Exercise brief = All of the data below must be reproduced word for word, but without its images.

Raw data =
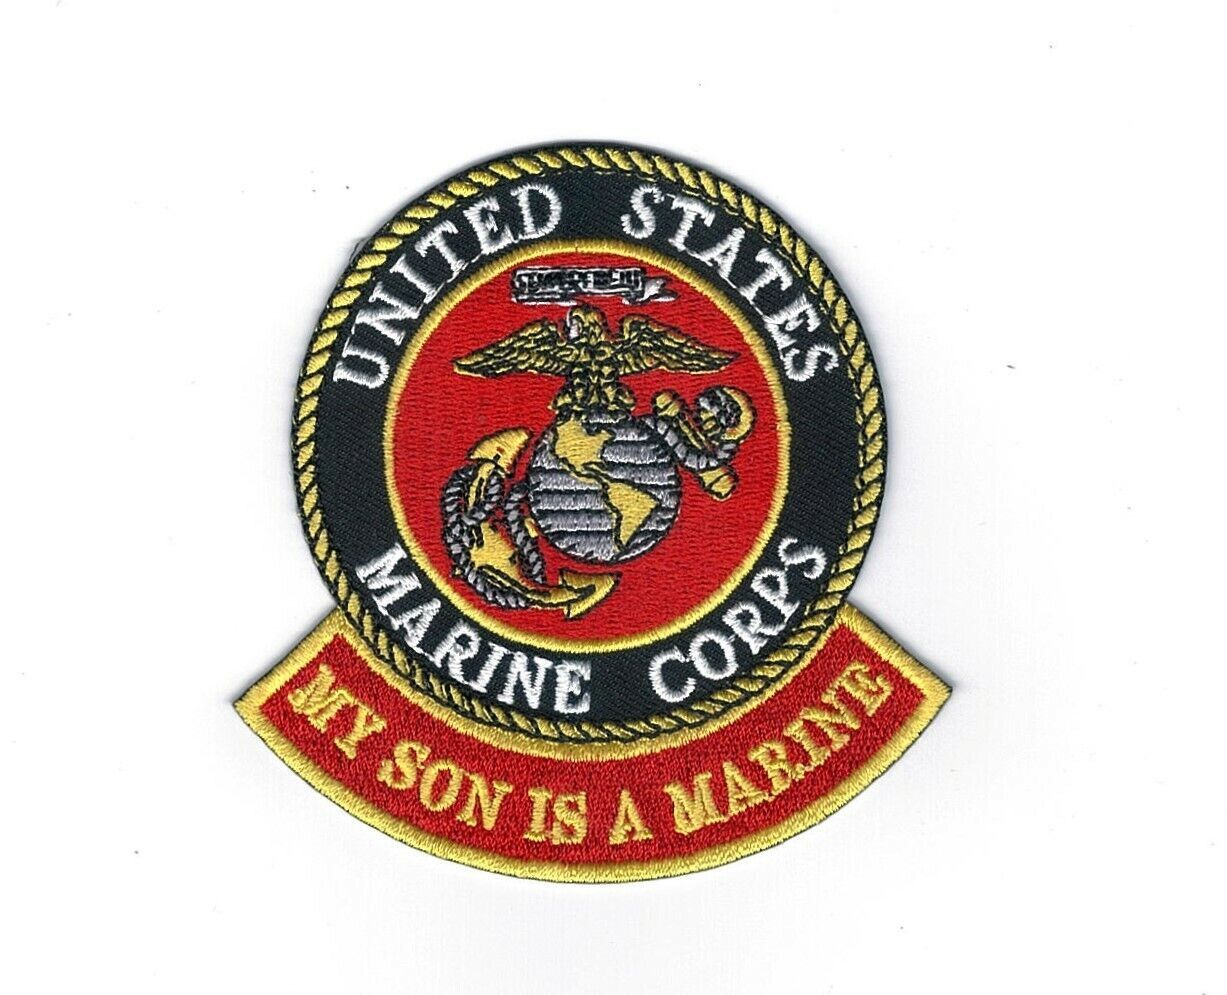 MARINE CORPS LOGO MY SON IS A U.S. MARINE Embroidered Shoulder Patch (0029)
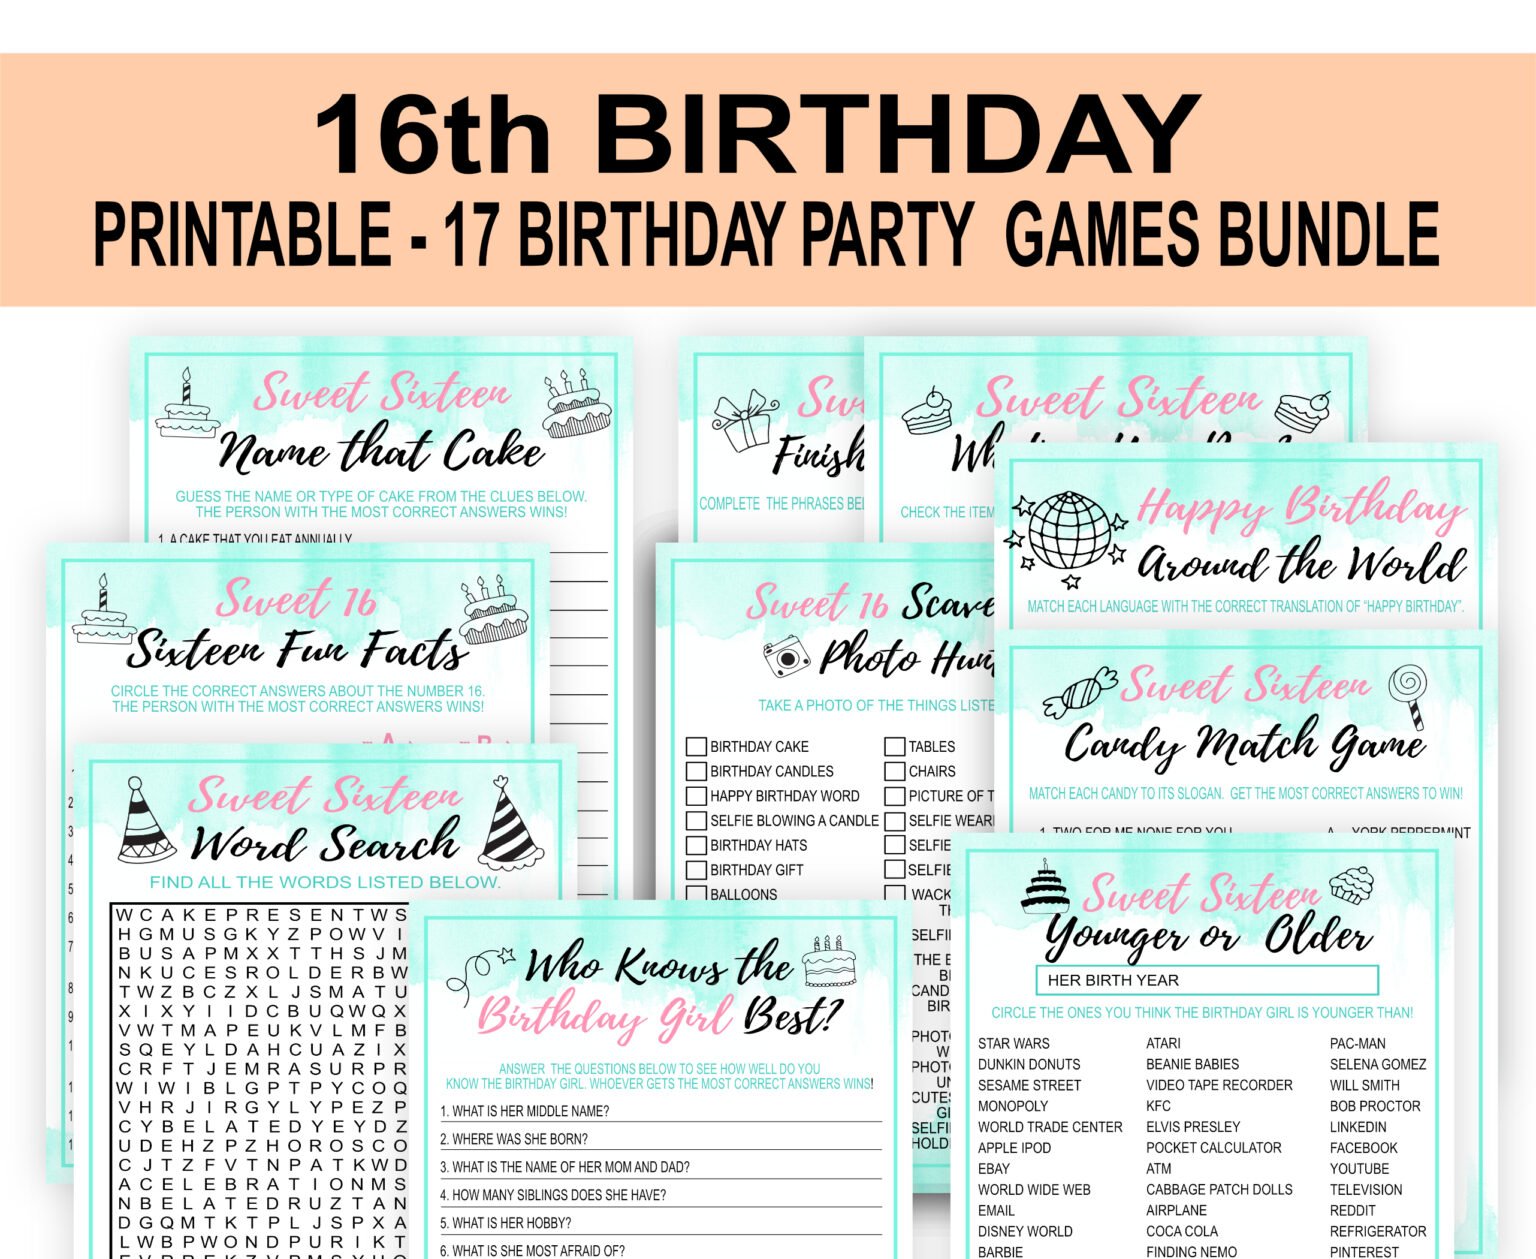 Mint and Pink Sweet Sixteen Birthday Party Games Bundle for Girls
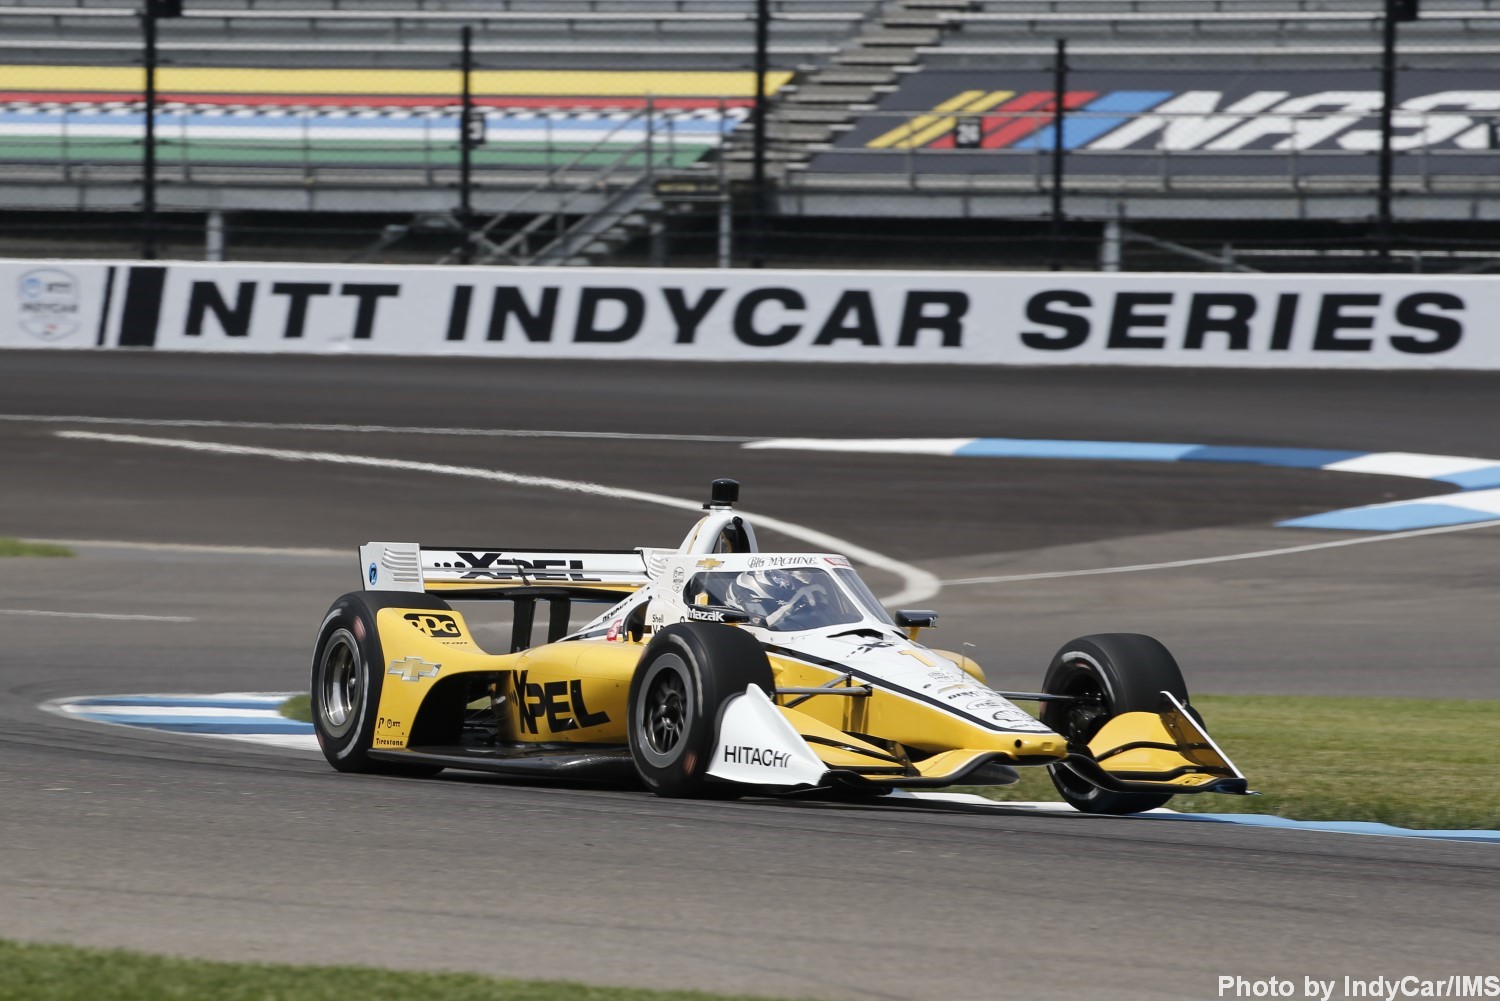 Newgarden got the IndyCar closed pit screw on this day. Is this a sport of luck or skill?
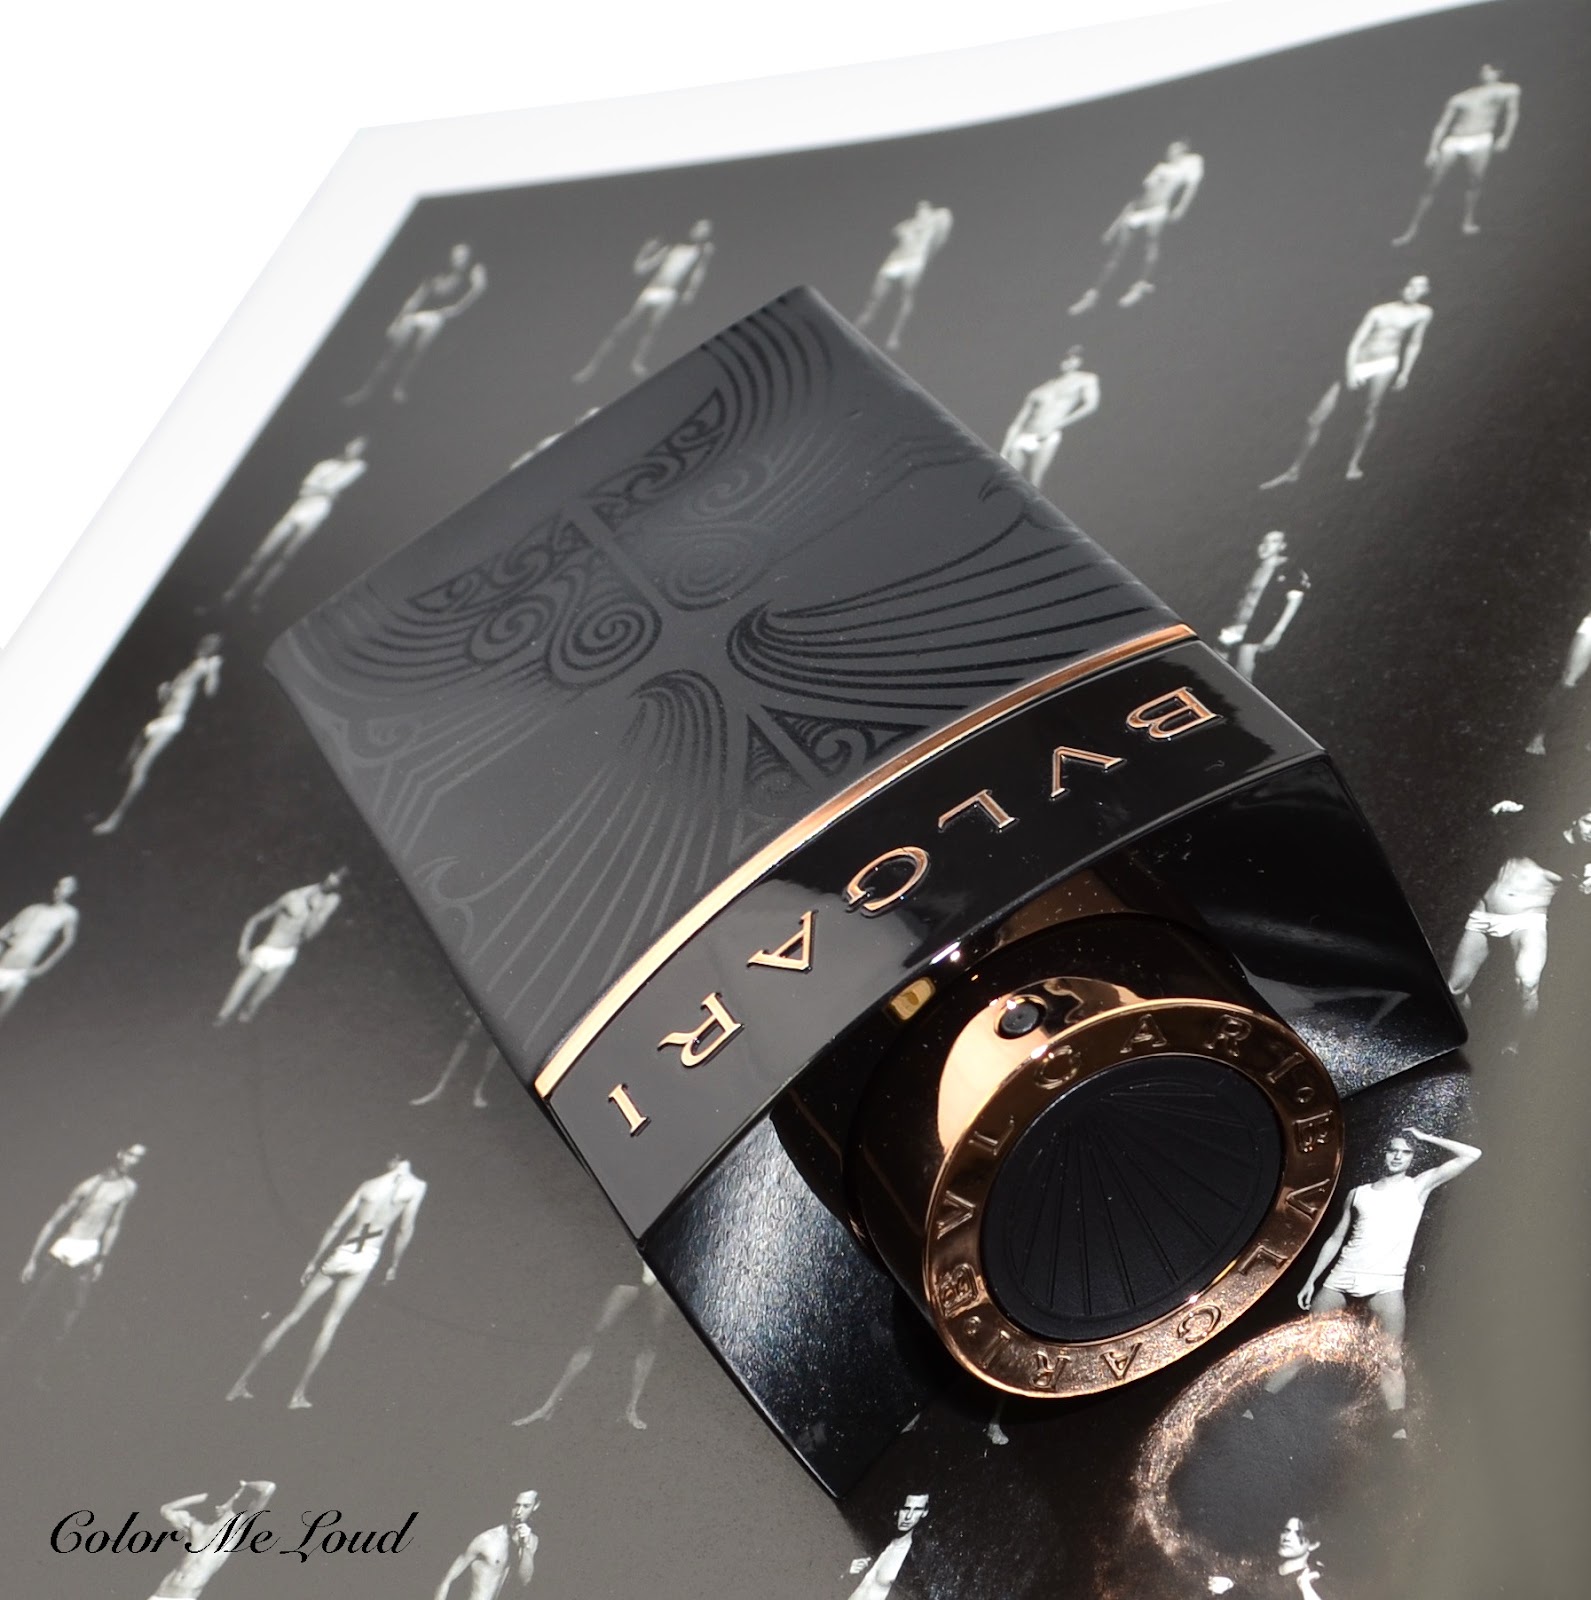 bvlgari man in black limited edition review

Completed task =
 MARINE CORPS LOGO MY SON IS A U.S. MARINE Embroidered Shoulder Patch (0029)
 Mint and Pink Sweet Sixteen Birthday Party Games Bundle for Girls
 Newgarden got the IndyCar closed pit screw on this day. Is this a sport of luck or skill?
 bvlgari man in black limited edition review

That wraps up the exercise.